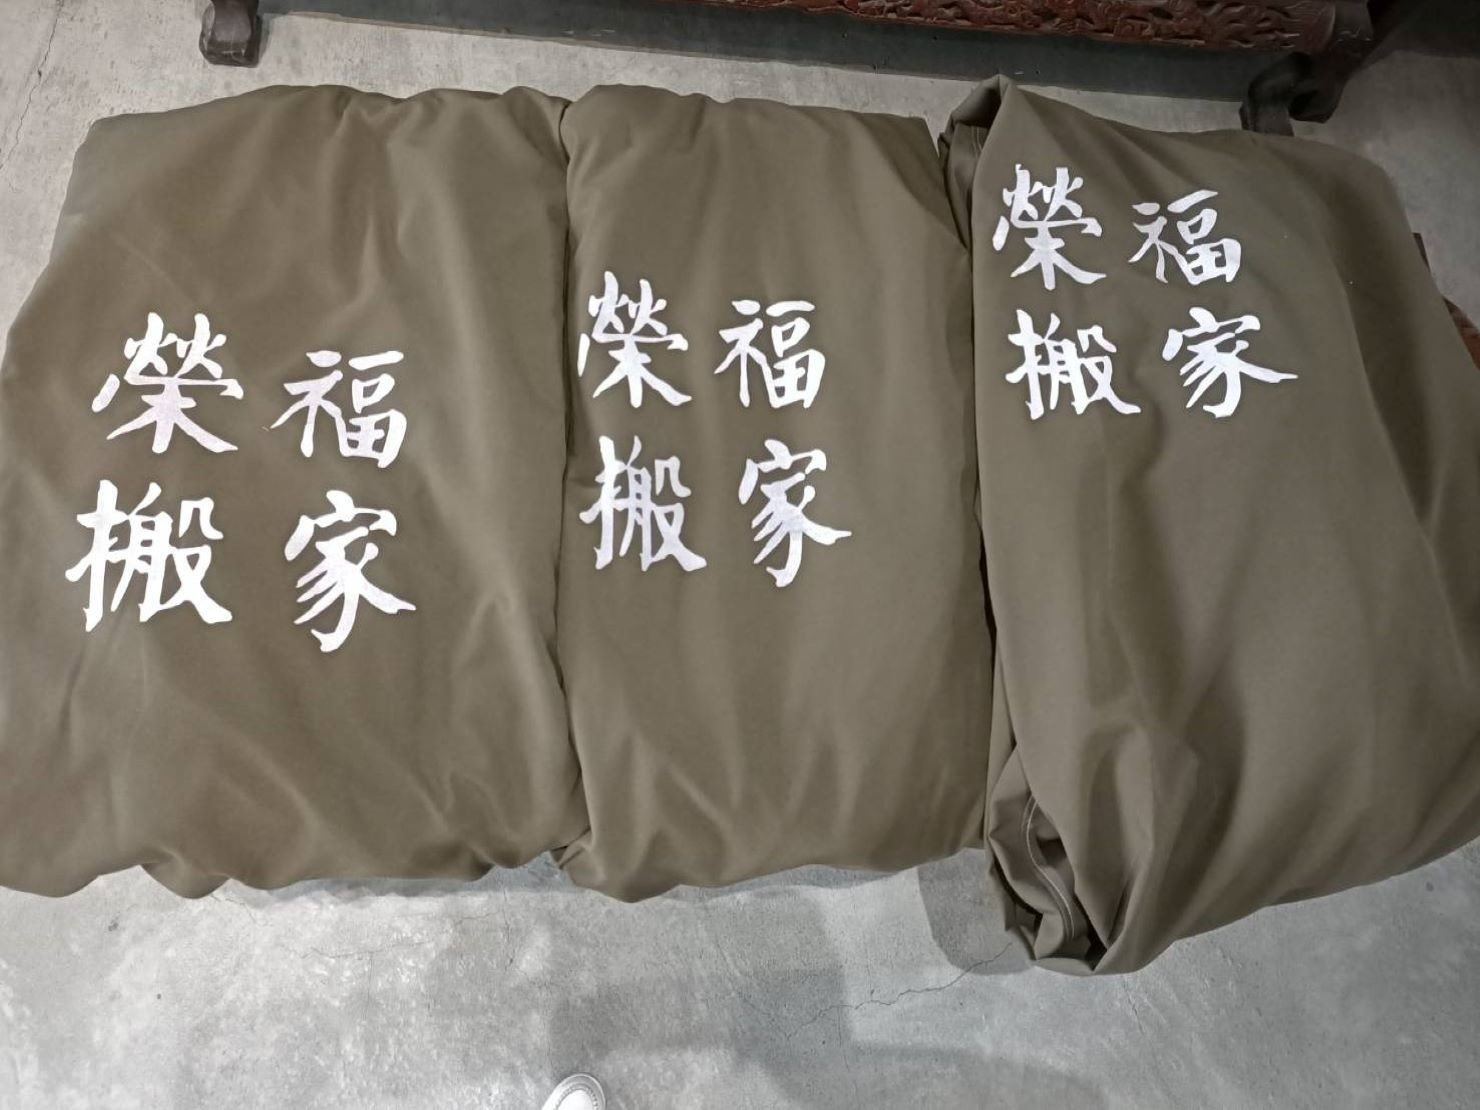 專業包裹床墊套用尺寸分為-加大、大、一般尺寸。可重覆使用環保又乾淨!
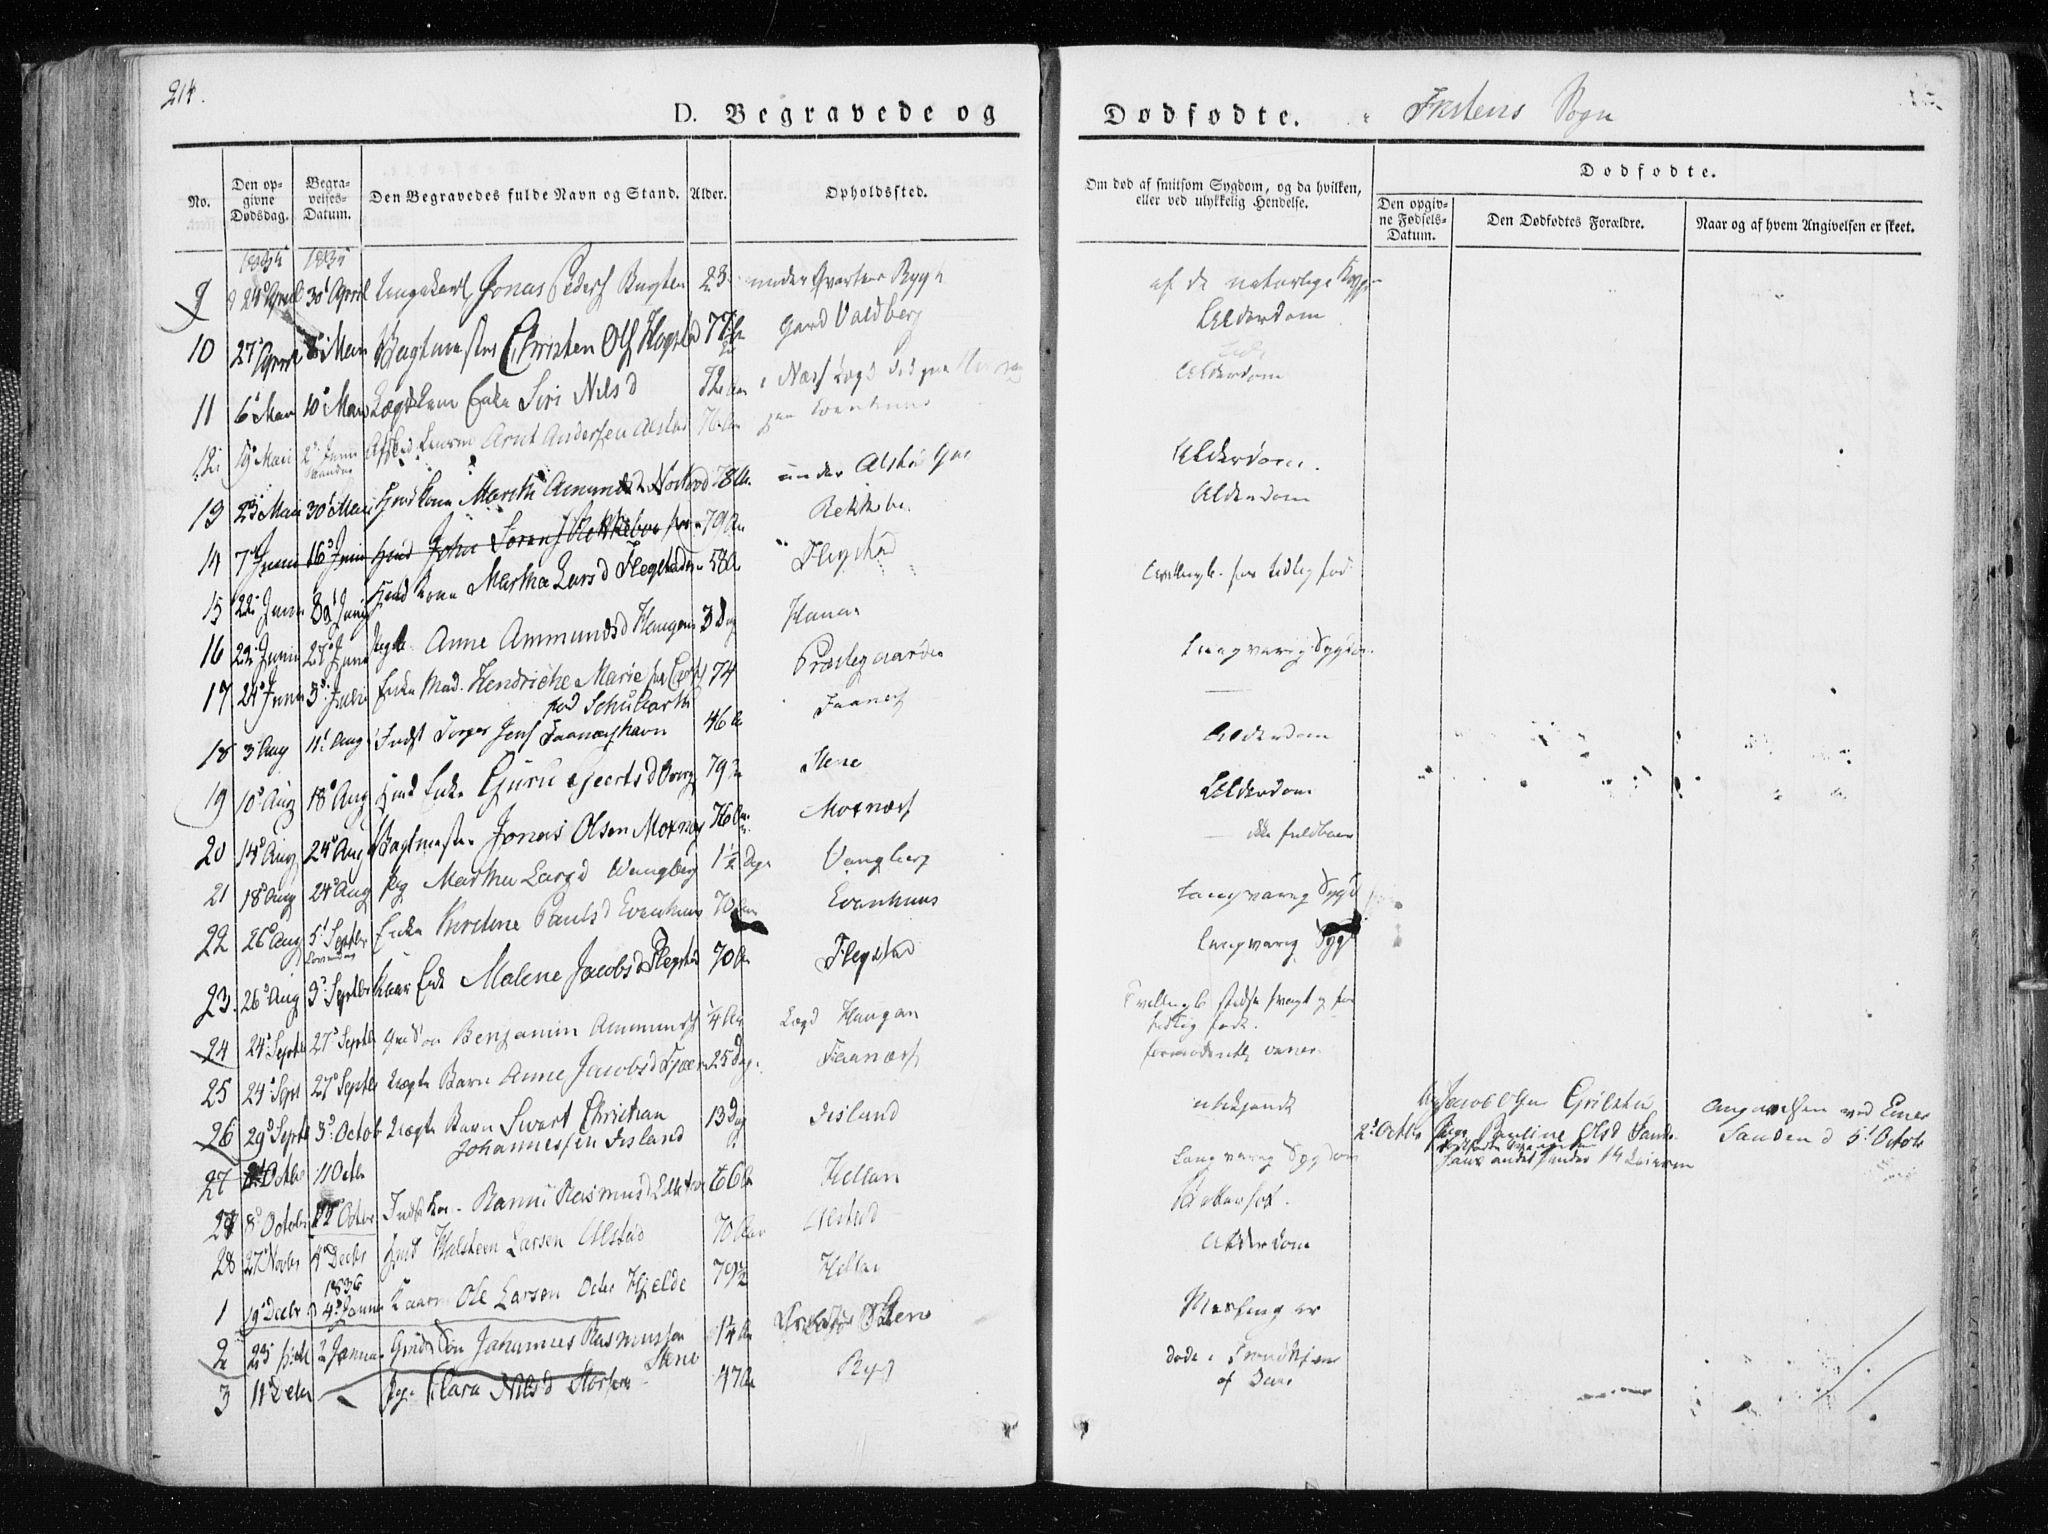 SAT, Ministerialprotokoller, klokkerbøker og fødselsregistre - Nord-Trøndelag, 713/L0114: Ministerialbok nr. 713A05, 1827-1839, s. 214
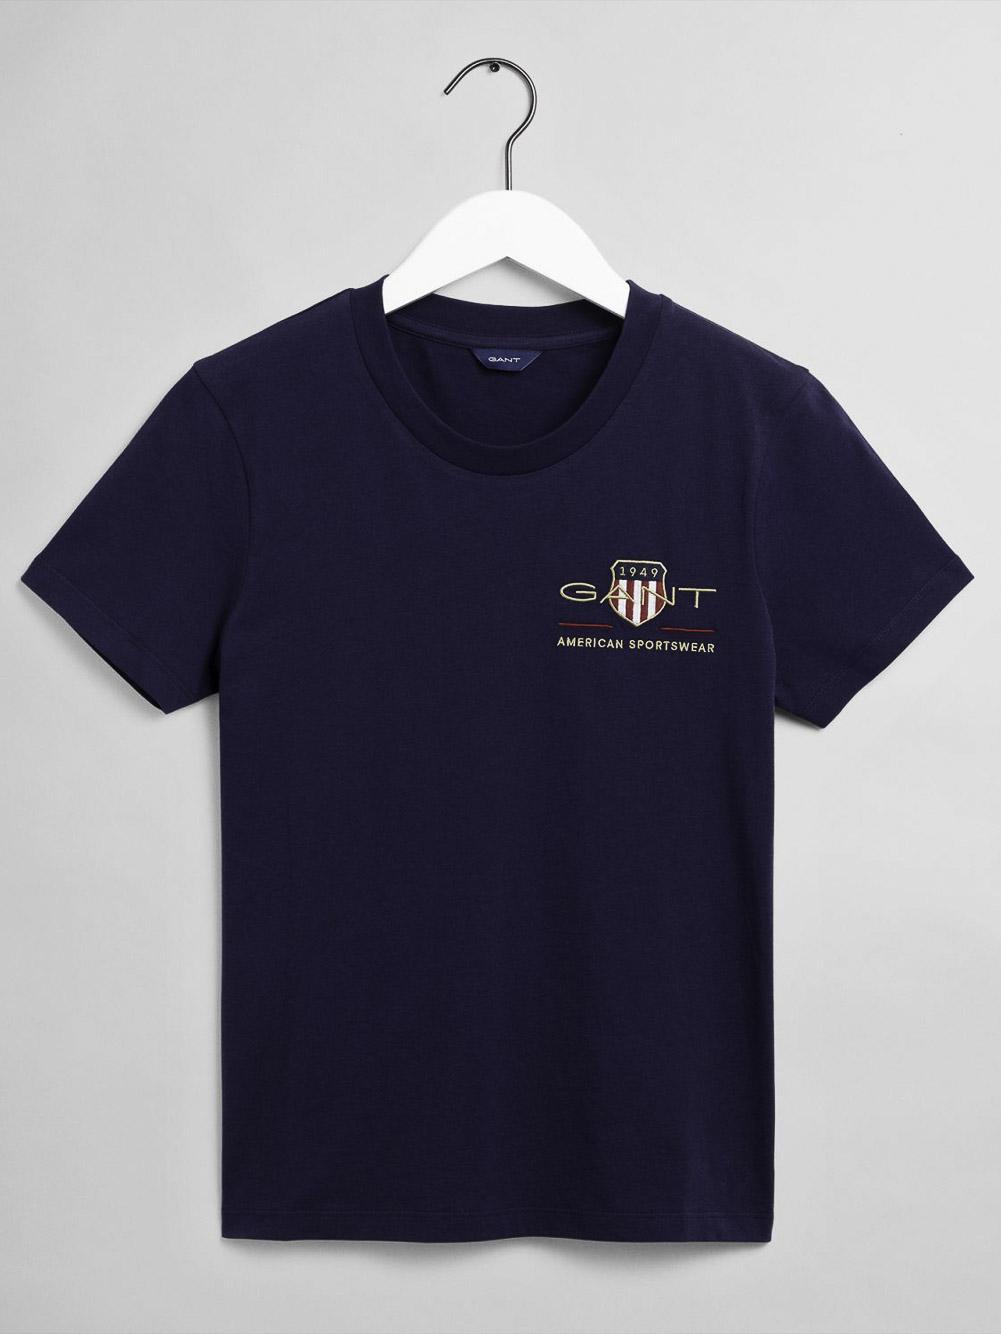 GANT Μπλούζα t-shirt 3GW4200417-433 ΣΚΟΥΡΟ ΜΠΛΕ

*Task goal*
Could you set down, exactly as written, every line from the one with "SAT, Ministerialprotokoller, klokkerbøker" to the end of the data, both ends included? Leave out the pictures.

*Solved exercise*
 SAT, Ministerialprotokoller, klokkerbøker og fødselsregistre - Nord-Trøndelag, 713/L0114: Ministerialbok nr. 713A05, 1827-1839, s. 214
 GANT Μπλούζα t-shirt 3GW4200417-433 ΣΚΟΥΡΟ ΜΠΛΕ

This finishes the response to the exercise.